If a row already exists, the first statement will update the row so does any subsequent statements. executing the same update multiple time is the same as executing it only once.
If the row doesn't exist, the first statement will insert that row and any subsequent will try to update, but the update has no real effect since it the value is exactly the same as the insert.
So by defintion, upsert is idempotent.

> It could just be a unique index or a unique constraint. So you can
> upsert on any individual unique constraint/index, or the primary key.
> Of course there might be several on a given table, but you can only
> use one as the "conflict arbiter" per statement.
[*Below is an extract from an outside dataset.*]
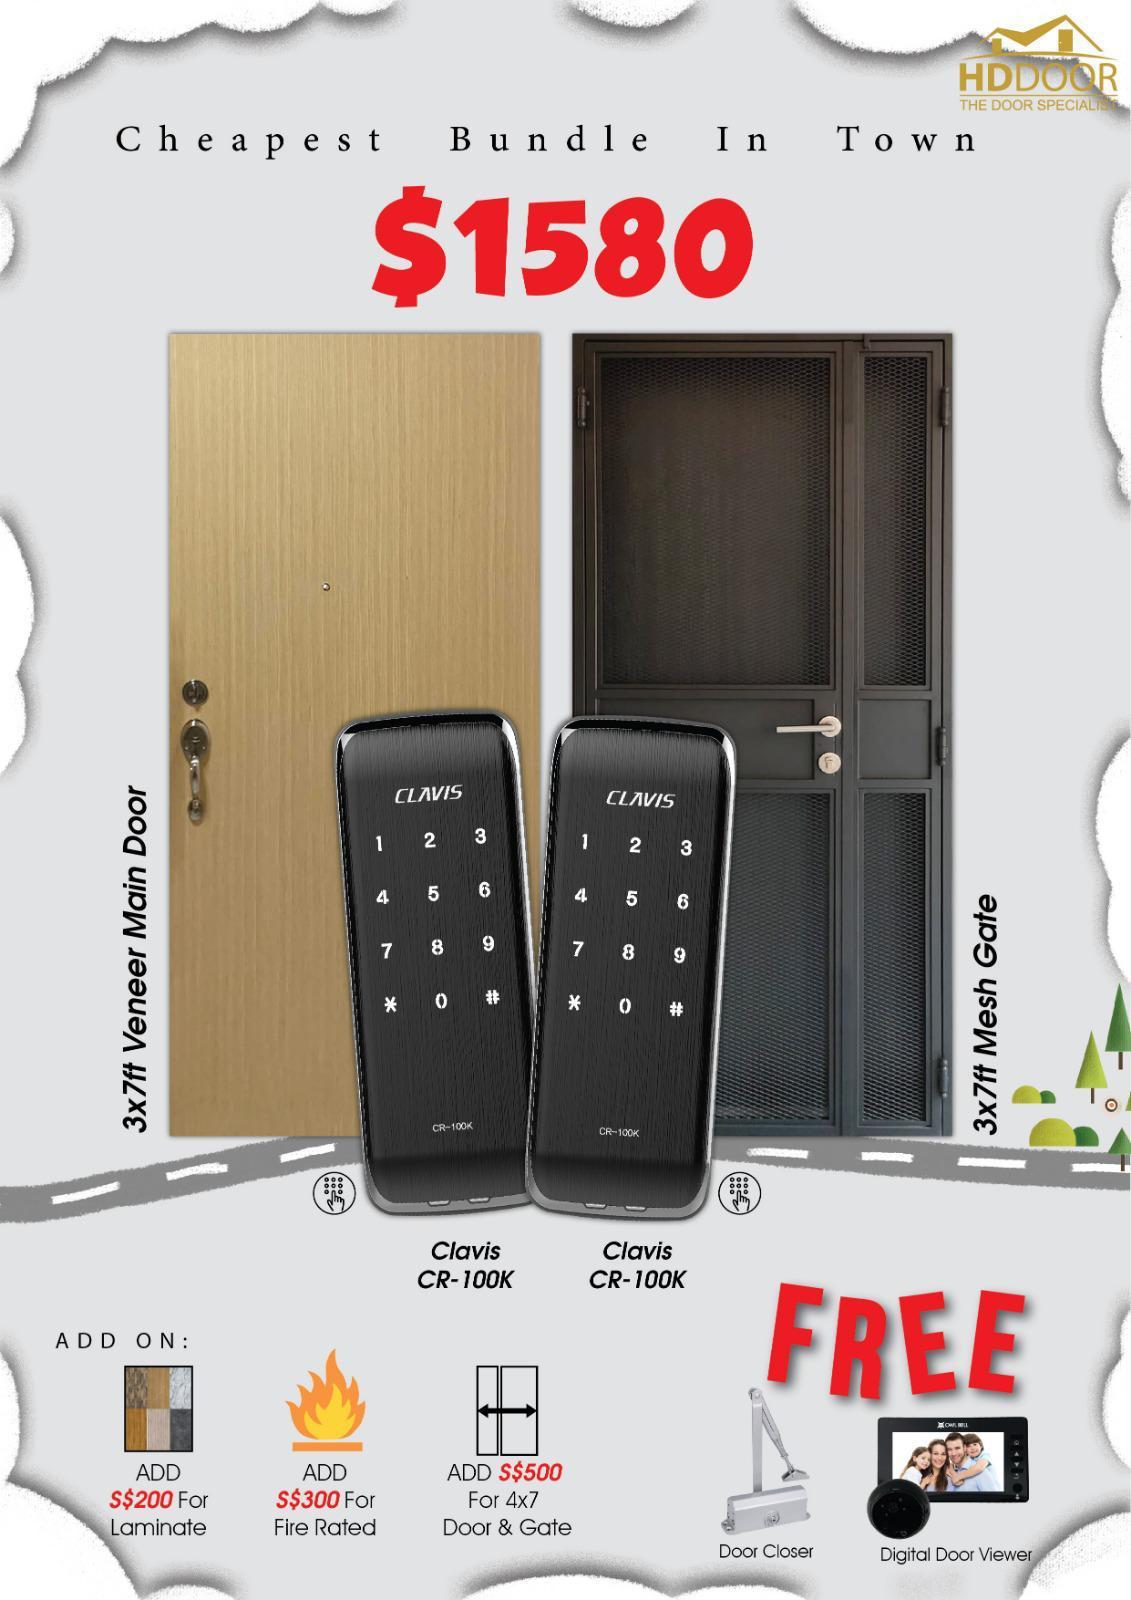 Cheapest Bundle Promotion 2020 | Why Not Deals 3 & Promotions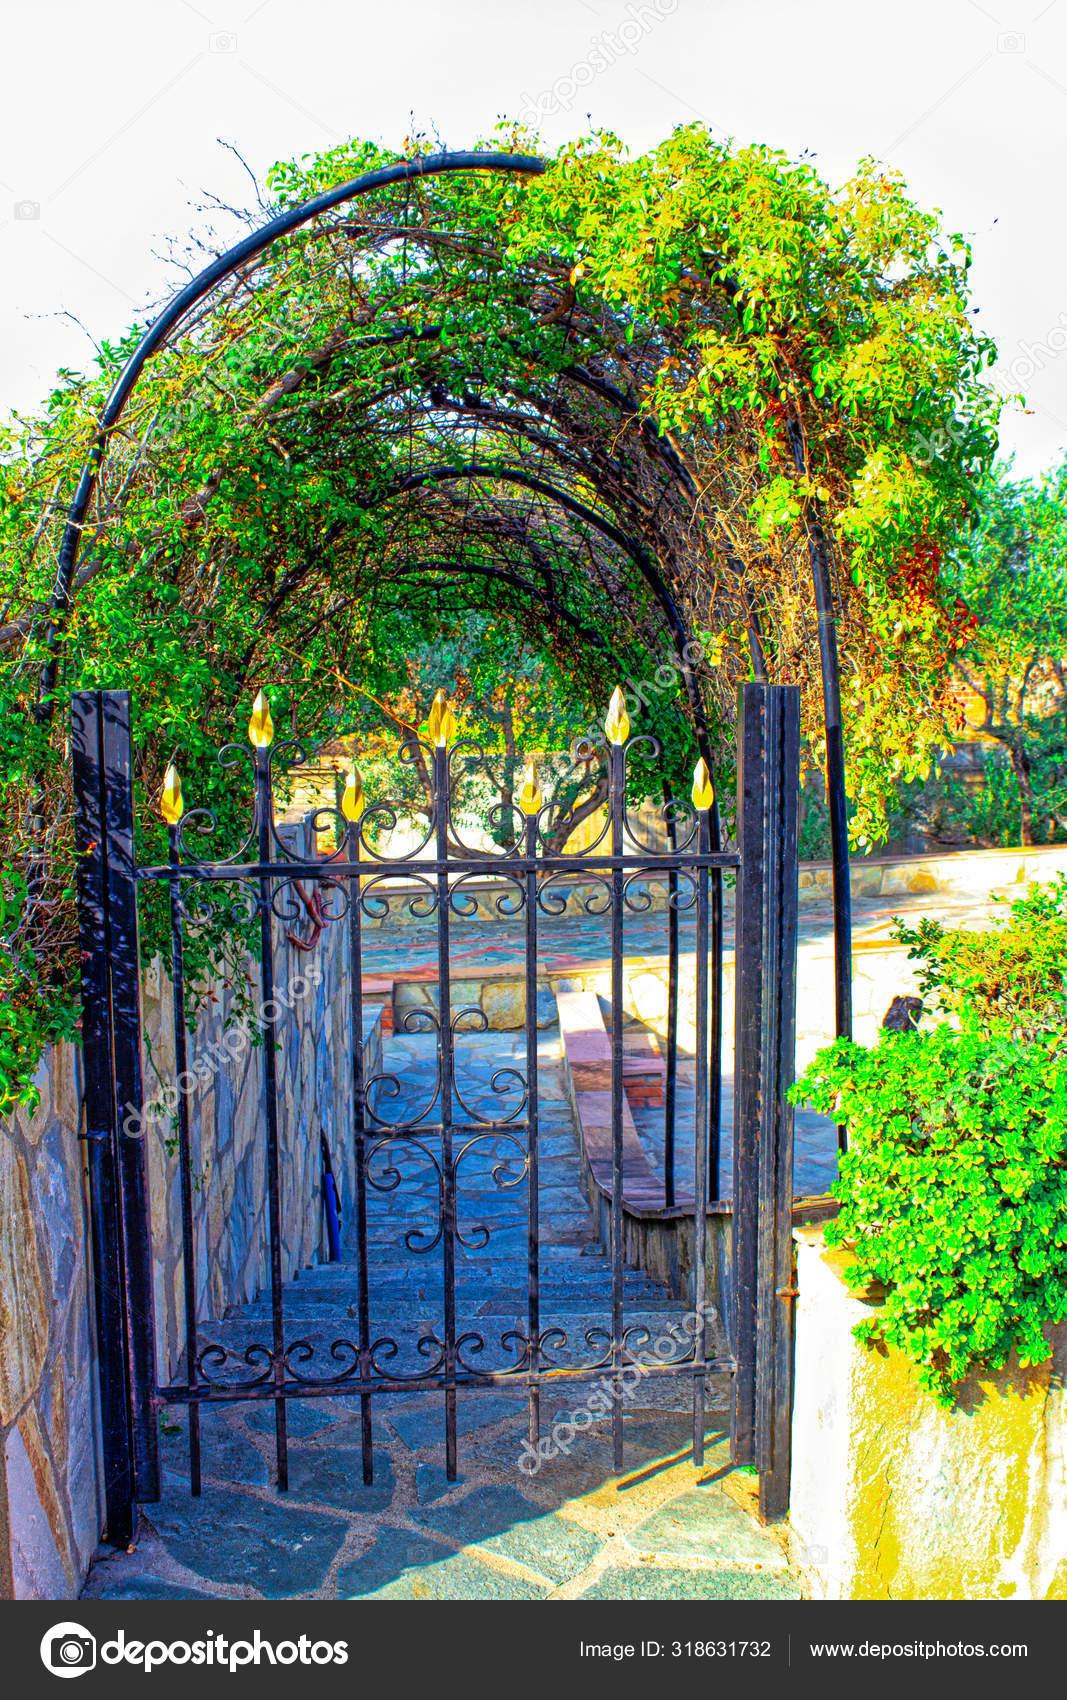 Garden Metal Door Steel Fence Residential House Modern Style Art Stock Photo C Fatamorgana 999 318631732

Understand that I can use any unique constraint with on conflict. 
But semantically the only correct one is the primary key, since that's what identifies a row logically.
In that sense, any unique column(s) is a potential candidate for primary key.
It's more of a pedantic point rather than pragmatic one.
It's less of a problem for PostgreSQL where the semantic importance of primary key is not manifested at implementation level, since all index points to the tuple directly
Whereas it is more import for Databaes like MySQL where the secondary index points to the primary key index.

> It sort of has to work that way, though. In general your example might
> *not* fail, due to a row-level before trigger in the insert path.

Do you mean having the trigger to check whether new."name" is set if not use the old."name" as fallback ?

> Why doesn't your proposed upsert syntax have the same problem? I mean,
> how could it not? I guess it doesn't if you assume that it'll never
> take the insert path with your not NULL constraint example?

Use some pesudo code might be helpful here to explain the difference. 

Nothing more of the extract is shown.